Analysing the cybercrime opportunity for B2B brands

New General Data Protection Regulation (GDPR) data rules come into force in May 2018, meaning bigger fines for companies who fail to defend against cybercrime.

Curiously, though, if you’re a B2B tech brand, this actually presents a ripe opportunity, as we’ll start to see more and more big tech contracts won and lost on cybersecurity.

It’s not a minor issue. In 2015, TalkTalk was hacked by a spotty teenager. It was fined £400,000 for failing to adequately secure customer data, and subsequently haemorrhaged 101,000 customers and £60 million in sales.

To counter this threat, businesses are increasingly involving their senior tech experts (CIO/CSO/CISO/CTO) in their buying decisions. That leads to one conclusion for B2B tech marketers: play up the fear factor, and put the ‘cybersecurity sell’ front and centre in your campaigns.

Take Facebook, for example, which continues to nurture its developer community with the launch of Threatexchange. Nominally for IT security professionals, this social network is marketed as a B2B product to the businesses that employ them.

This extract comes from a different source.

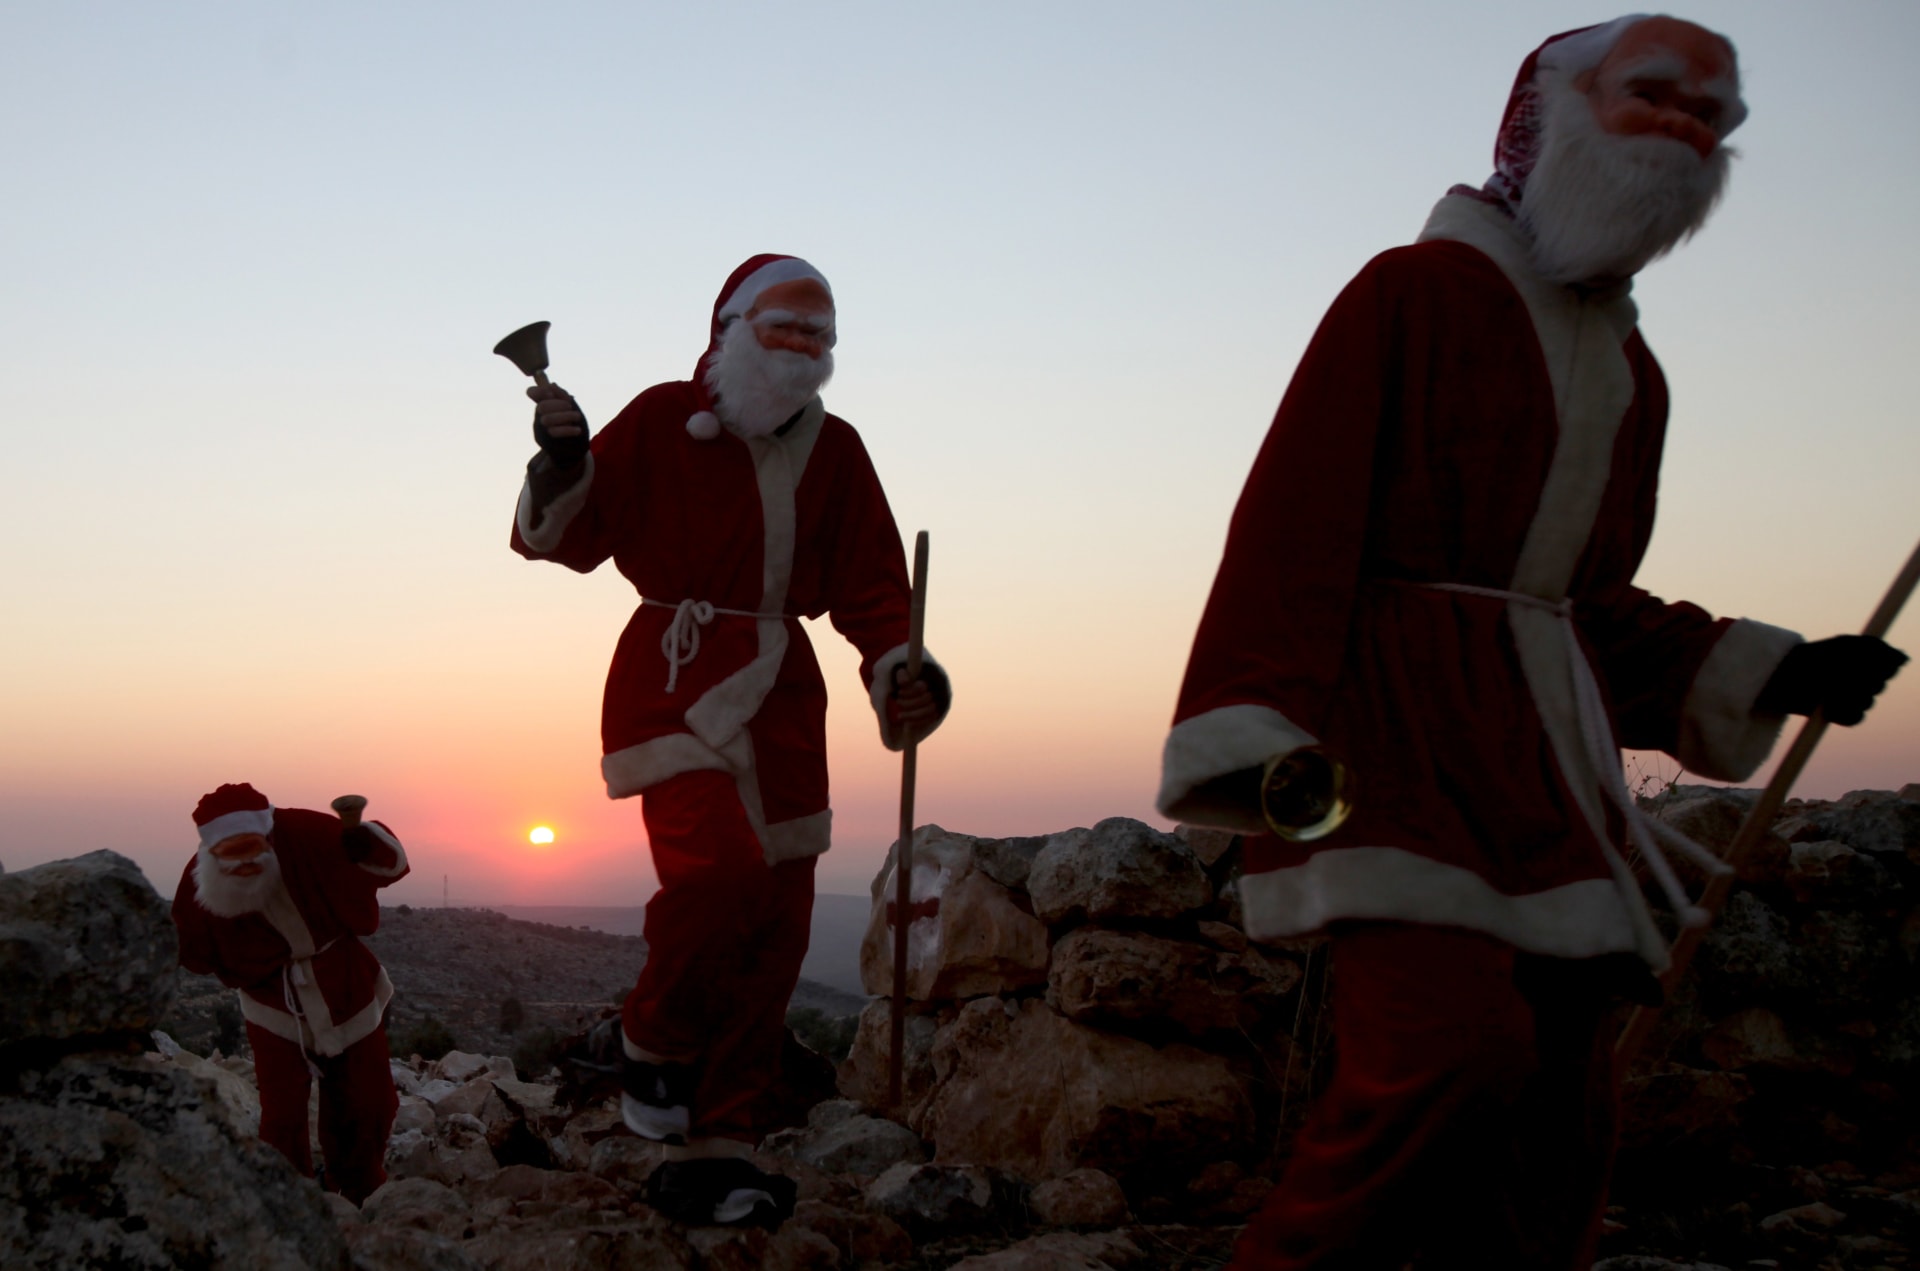 صورة ارشيفية (تعبيرية) لأشخاص يرتدون زي "بابا نويل" احتفالا بعيد الميلاد في قرى فلسطينية

But cybersecurity sell doesn’t just apply to specialist tech businesses. Brands that traditionally resided outside the tech space, like PwC and KPMG, are moving to provide tailored cybercrime defences for their existing clients’ industries.

Scale this approach for your own B2B brand: whether it’s a product division, a product, or a product feature, ensure you’ve got something to offer for today’s cybercrime-savvy tech buyers.

After all, awareness is growing everywhere. Just under three-quarters (73%) of major global businesses report that cybersecurity features in board meetings at least quarterly. Plus senior decision-makers have both a personal and professional stake in defending against cybercrime: Target’s CEO Gregg Steinhafel was fired in 2014 following a data breach that affected 40 million customers and the company’s CIO Bob DeRodes was replaced by an executive with a very strong background in information security.

How do you manage the cybersecurity sell?

The CSO/CISO/CIO is more interested in cybersecurity than in your core product proposition, so be sure to prepare marketing and sales collateral that answers this buyer’s specific needs. You see B2B brands now talking cybersecurity through forbidding colours and imagery. One great example is HP’s ‘The Wolf’ campaign – putting the cybercrime sell on a range of office printers.

But it doesn’t all hinge on flashy events or big-budget influencers. Thought leadership via PR, content and social media is an excellent way to position your business as a cybercrime-conscious brand.

Remember that playing off fear in advertising is a delicate art. It can certainly be done badly; but if the fear is of a genuine and present threat, and if your product solves that problem, it would be imprudent not to flag it to the relevant buyer.

So by building your campaign around your buyer’s interests, positioning your brand and your product accordingly, and reflecting this understanding in your creative, you’ll stand a good chance of winning contracts based on the cybersecurity sell.